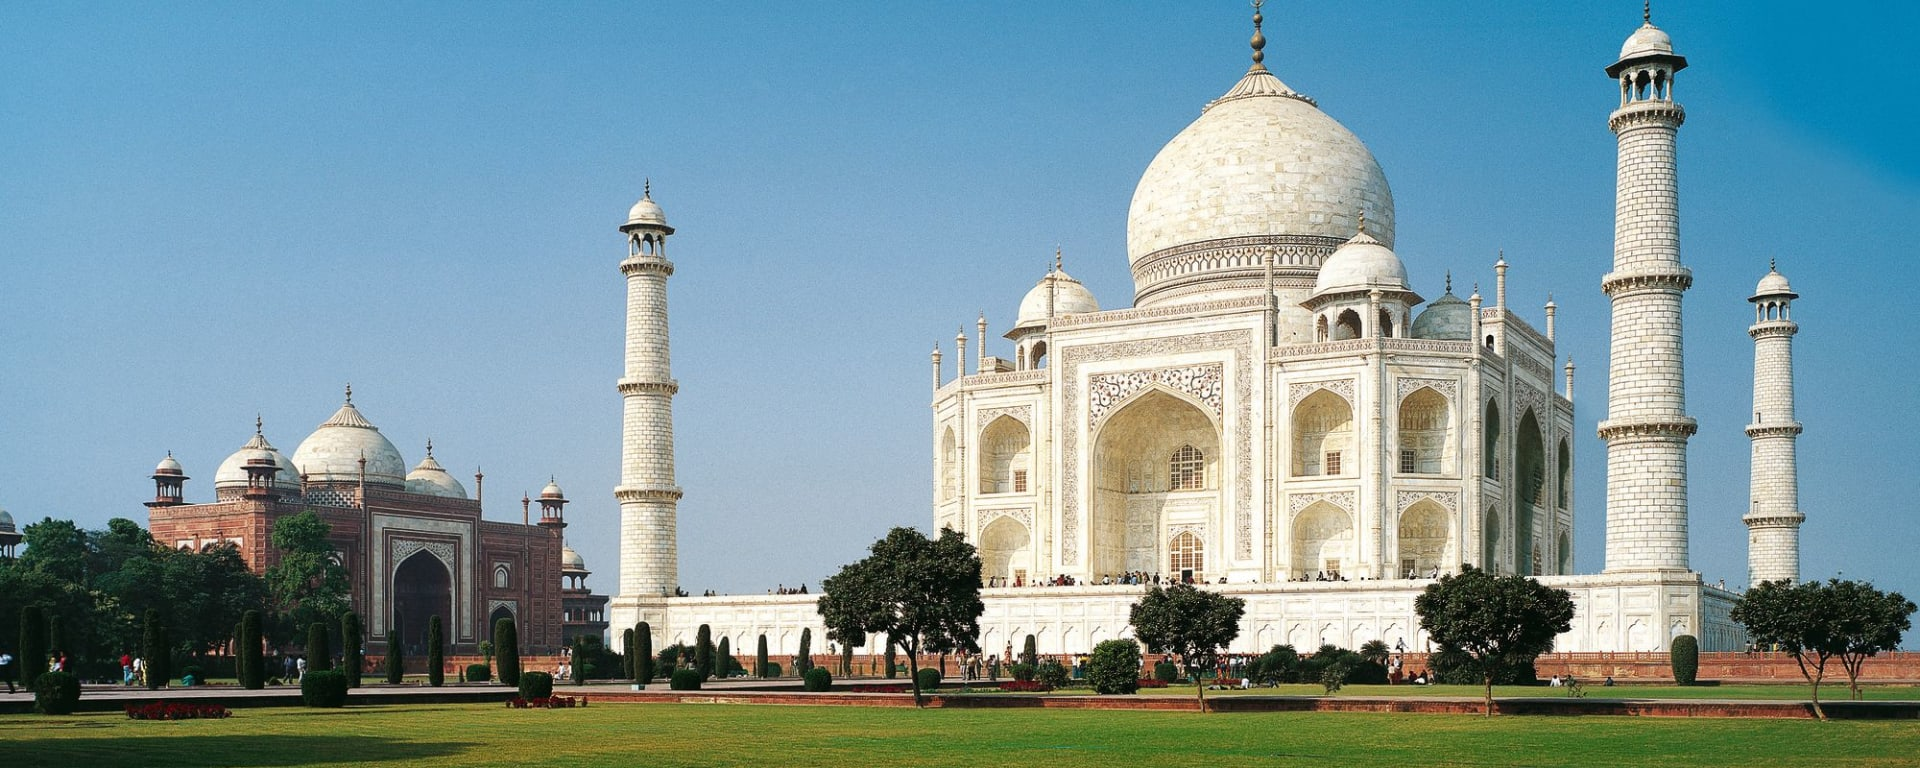 «The Deccan Odyssey» - Im Land der Könige ab Delhi: Agra Taj Mahal
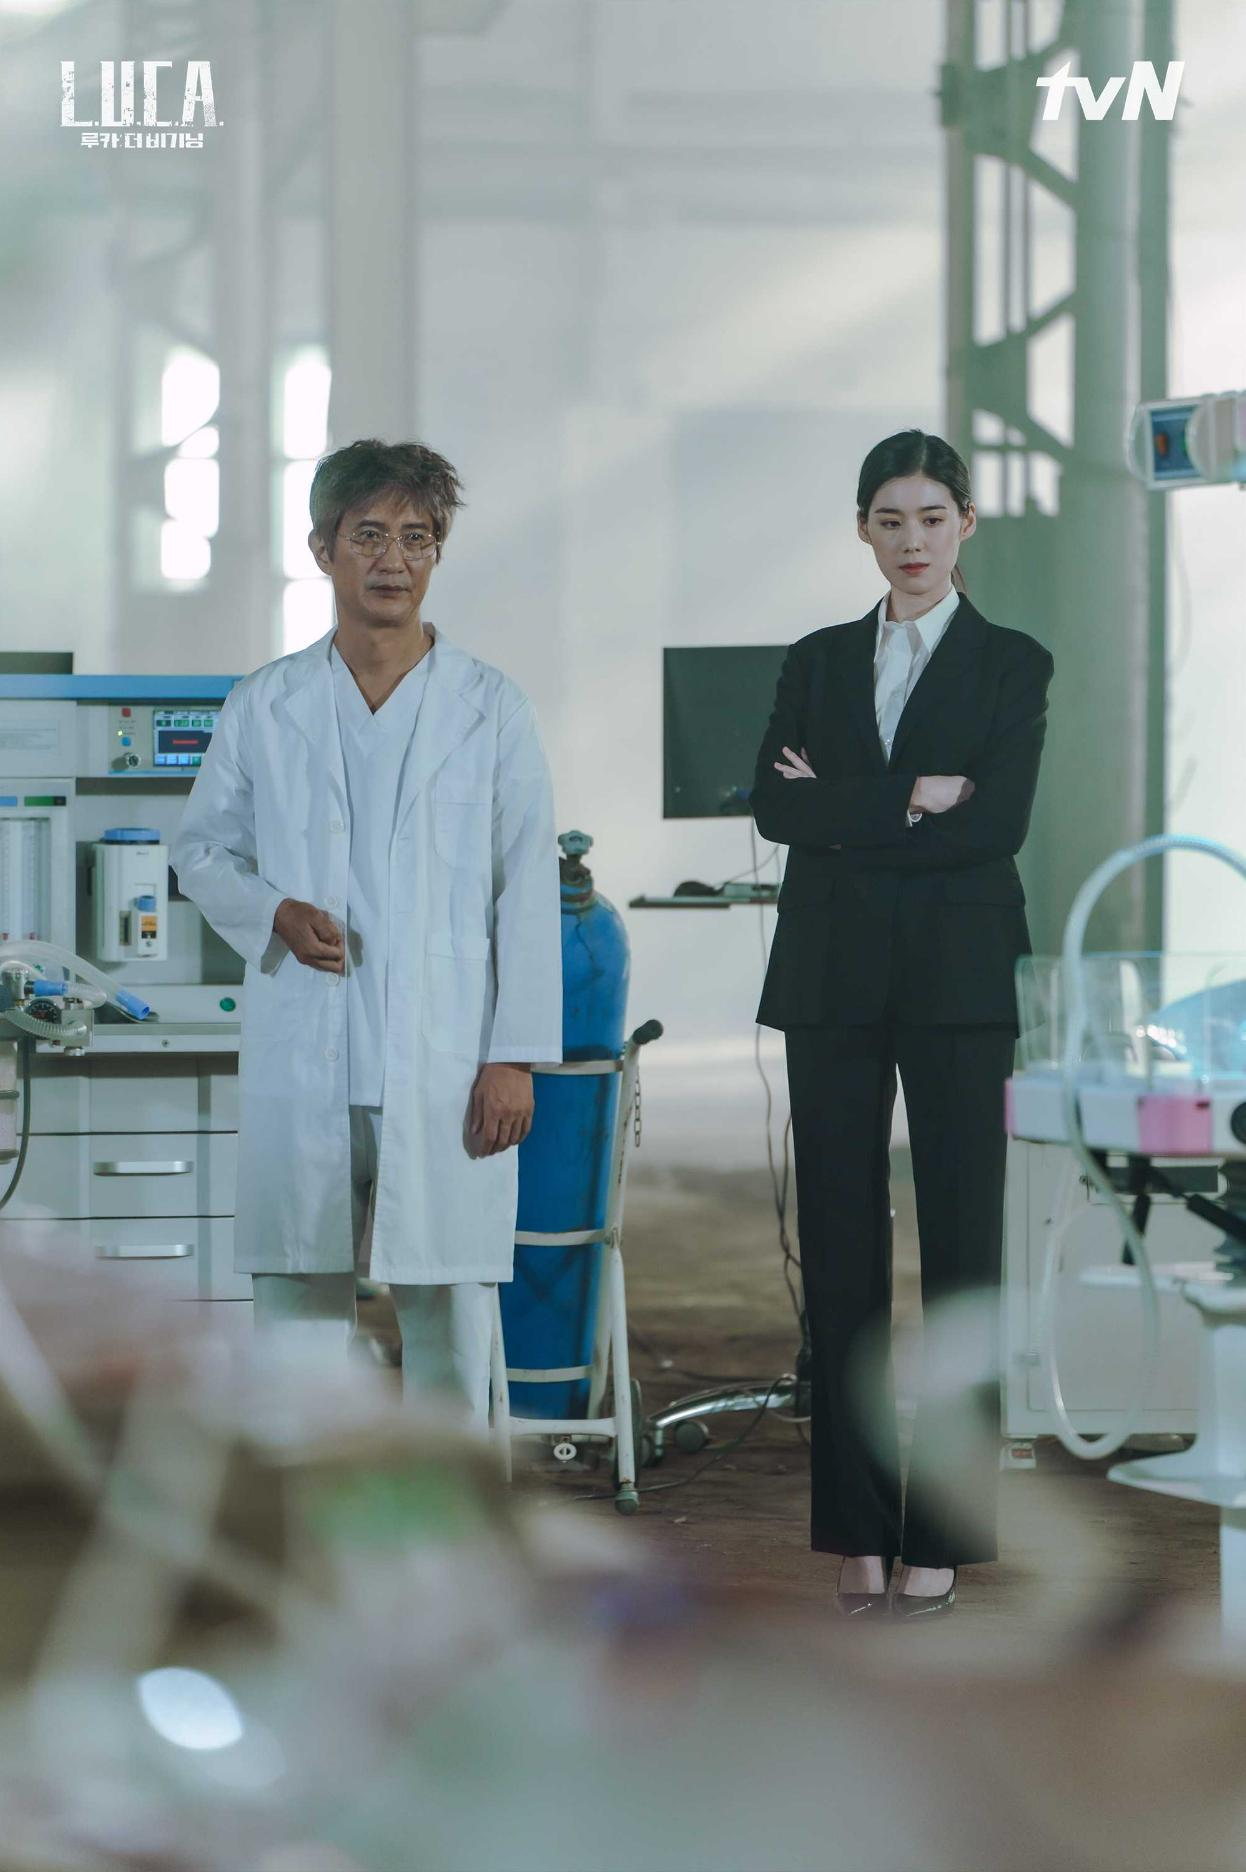 Nae-sang Ahn and Jung Eun-chae in L.U.C.A.: The Beginning (2021)
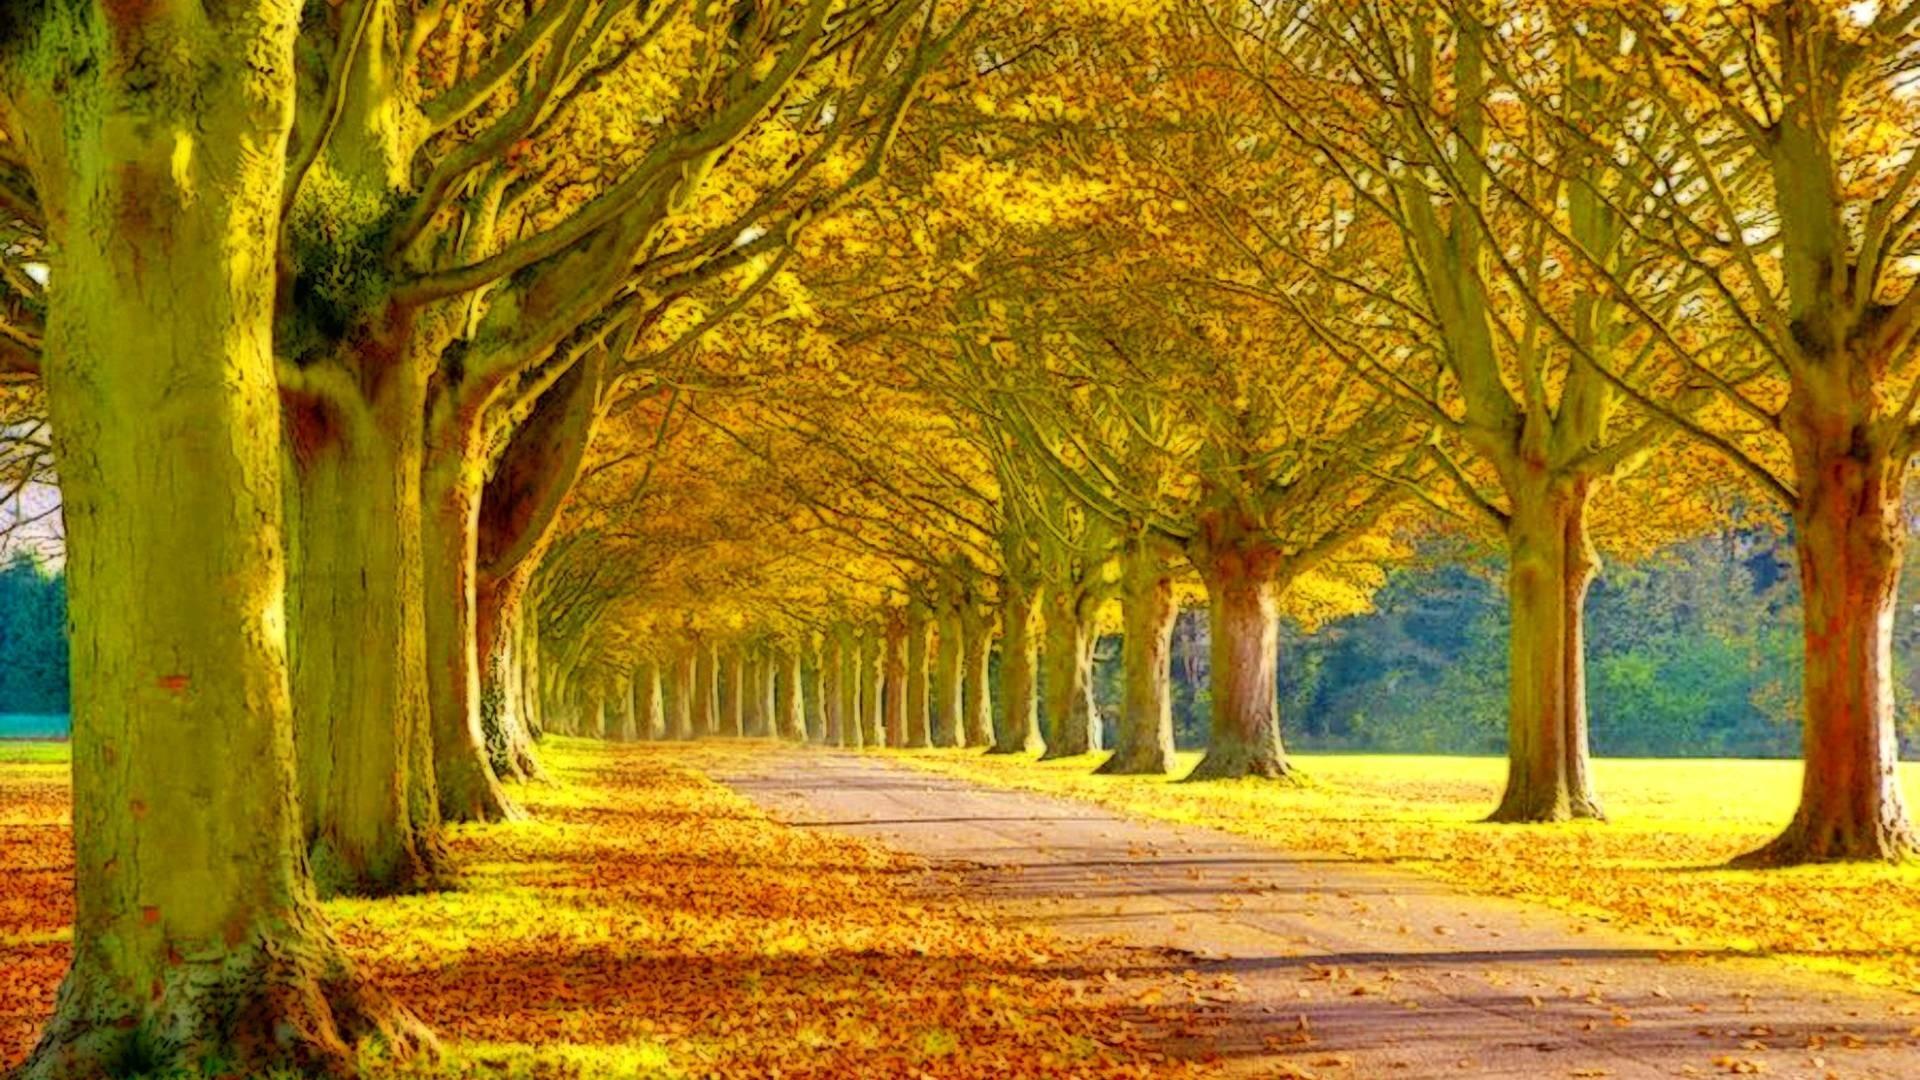 beautiful scenery backgrounds 183��
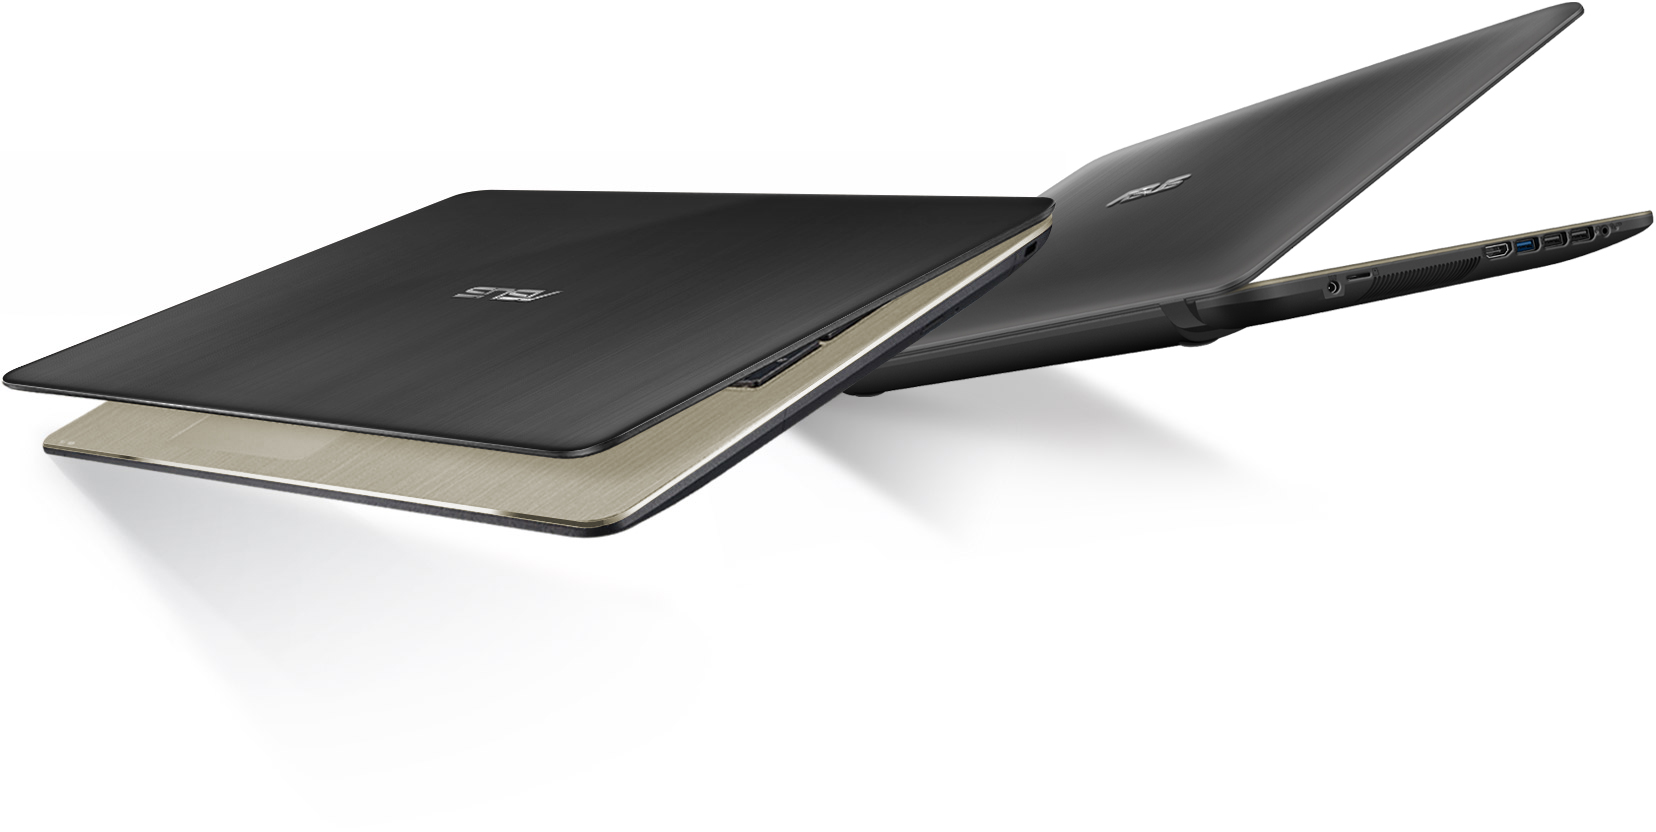 ноутбук asus x541na gq335t драйвера для windows 7

###

Work to be completed ::
Exact reproduction is required for the lines from the one containing "Nae-sang Ahn and" through the end of the material, and for those lines only, without pictures.

Your response ::
 Nae-sang Ahn and Jung Eun-chae in L.U.C.A.: The Beginning (2021)
 beautiful scenery backgrounds 183��
 ноутбук asus x541na gq335t драйвера для windows 7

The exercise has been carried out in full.